= Beginning of Section =

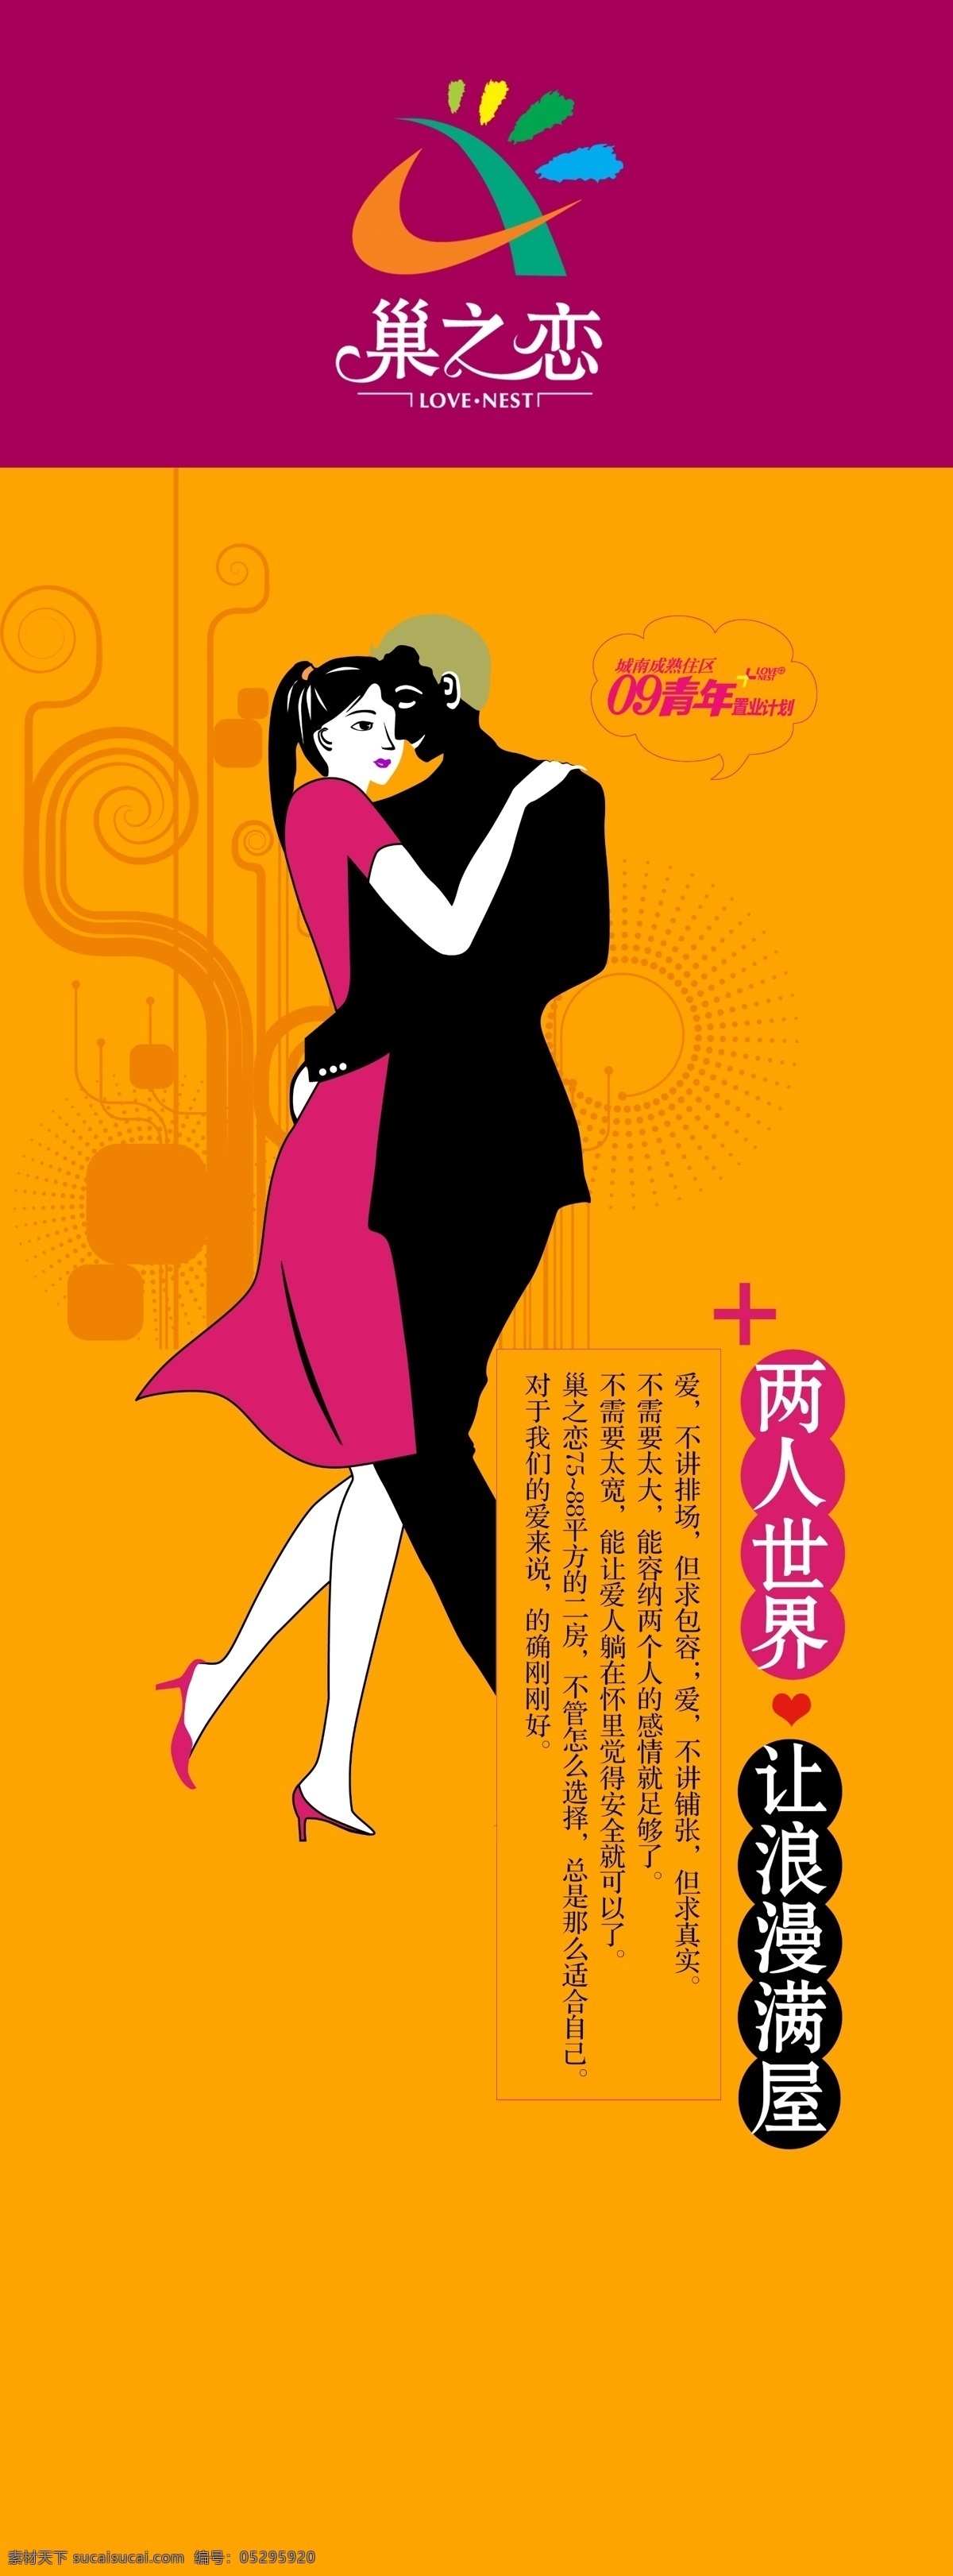 婚恋展架 展架 家居 婚恋 海报 宣传 展板模板 广告设计模板 源文件
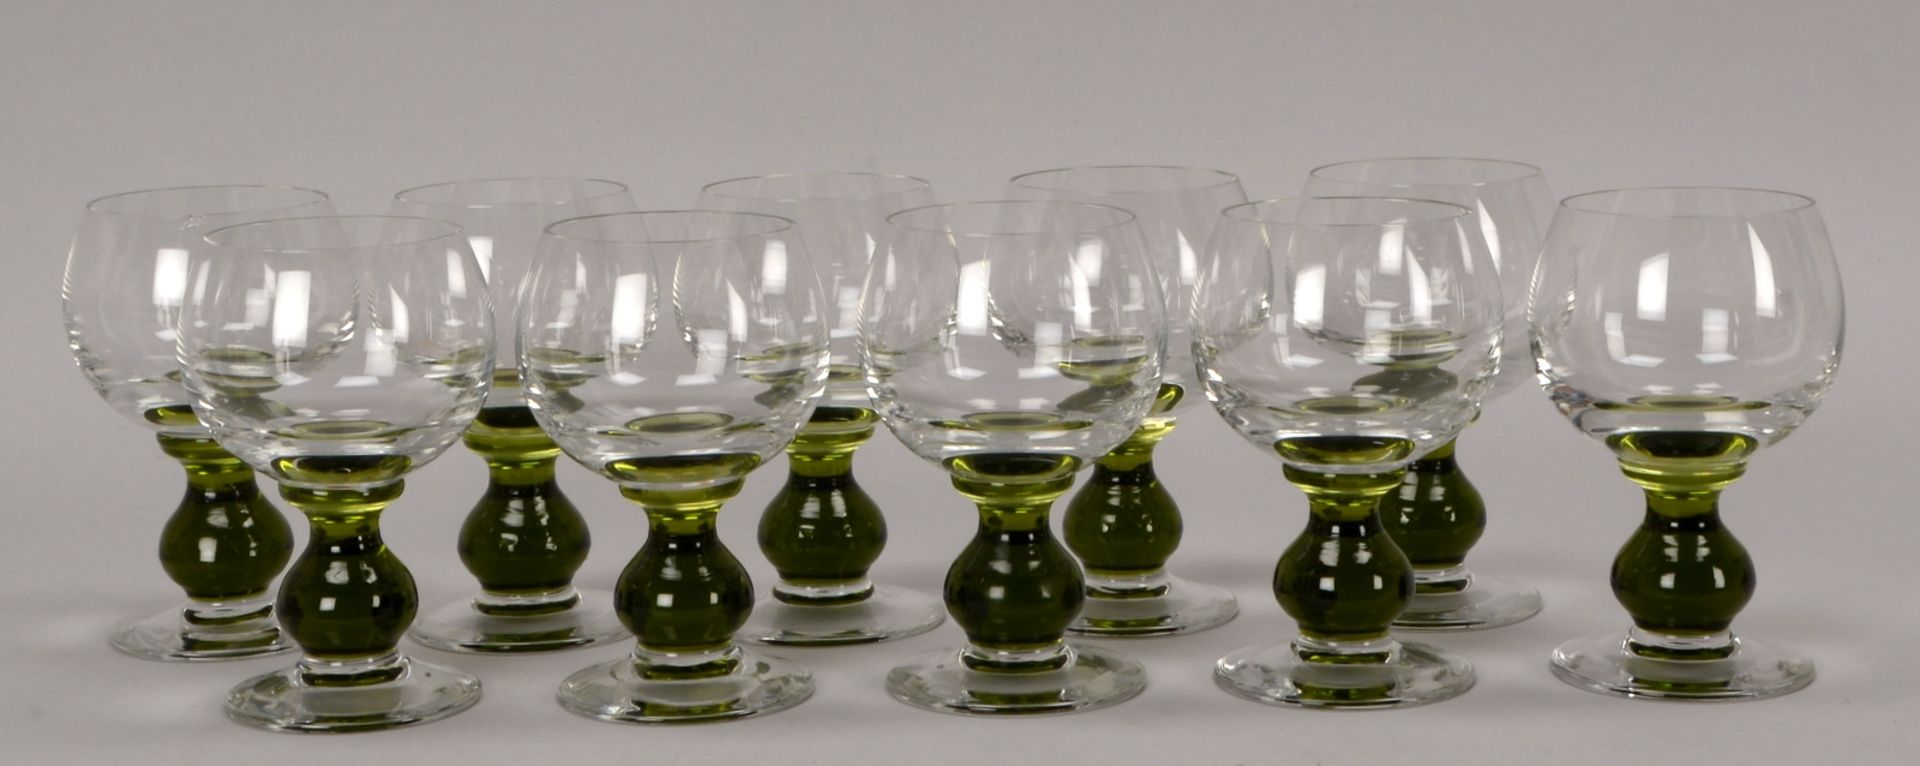 Satz Weißweingläser, Klarglas, mit grünem Mittelfuß, 9 Stück
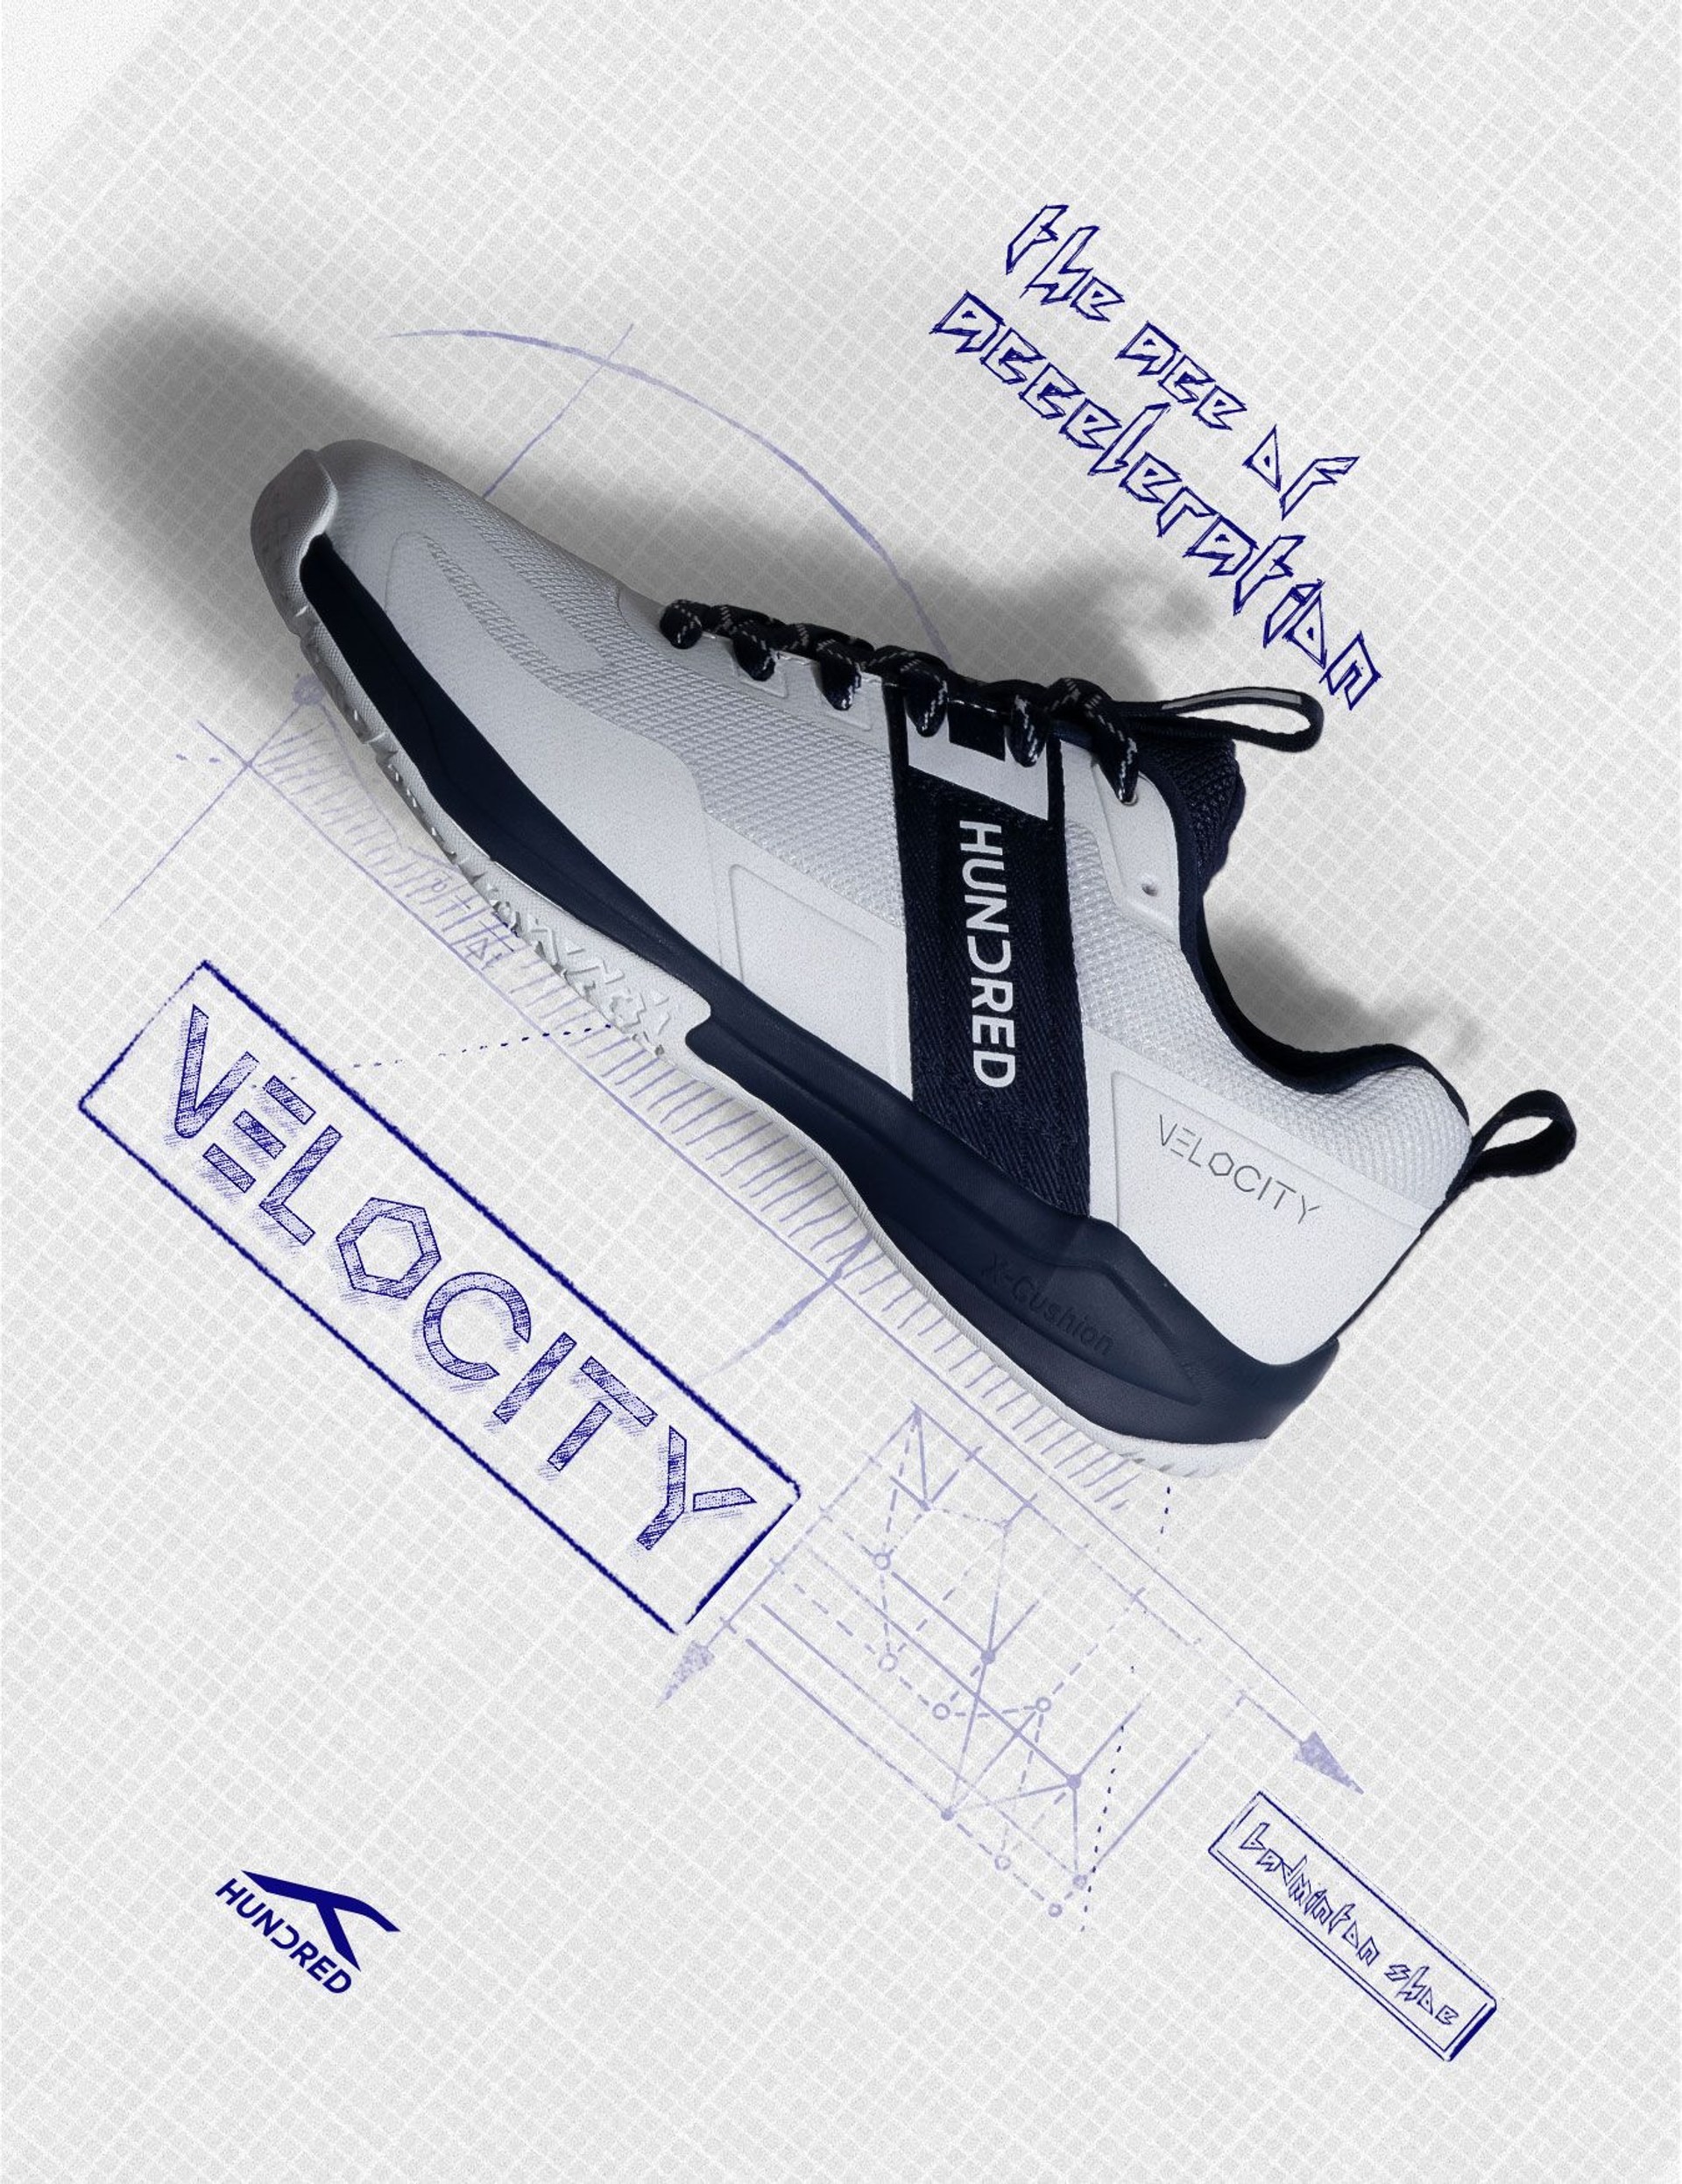 Velocity - Badminton Shoe

= End of Section =

> [Problem requirements]
After locating the line that contains "Satz Weißweingläser, Klarglas, mit", output it and all later lines through the end of the material exactly, leaving out pictures.

> [Solution to this problem]
 Satz Weißweingläser, Klarglas, mit grünem Mittelfuß, 9 Stück
 Velocity - Badminton Shoe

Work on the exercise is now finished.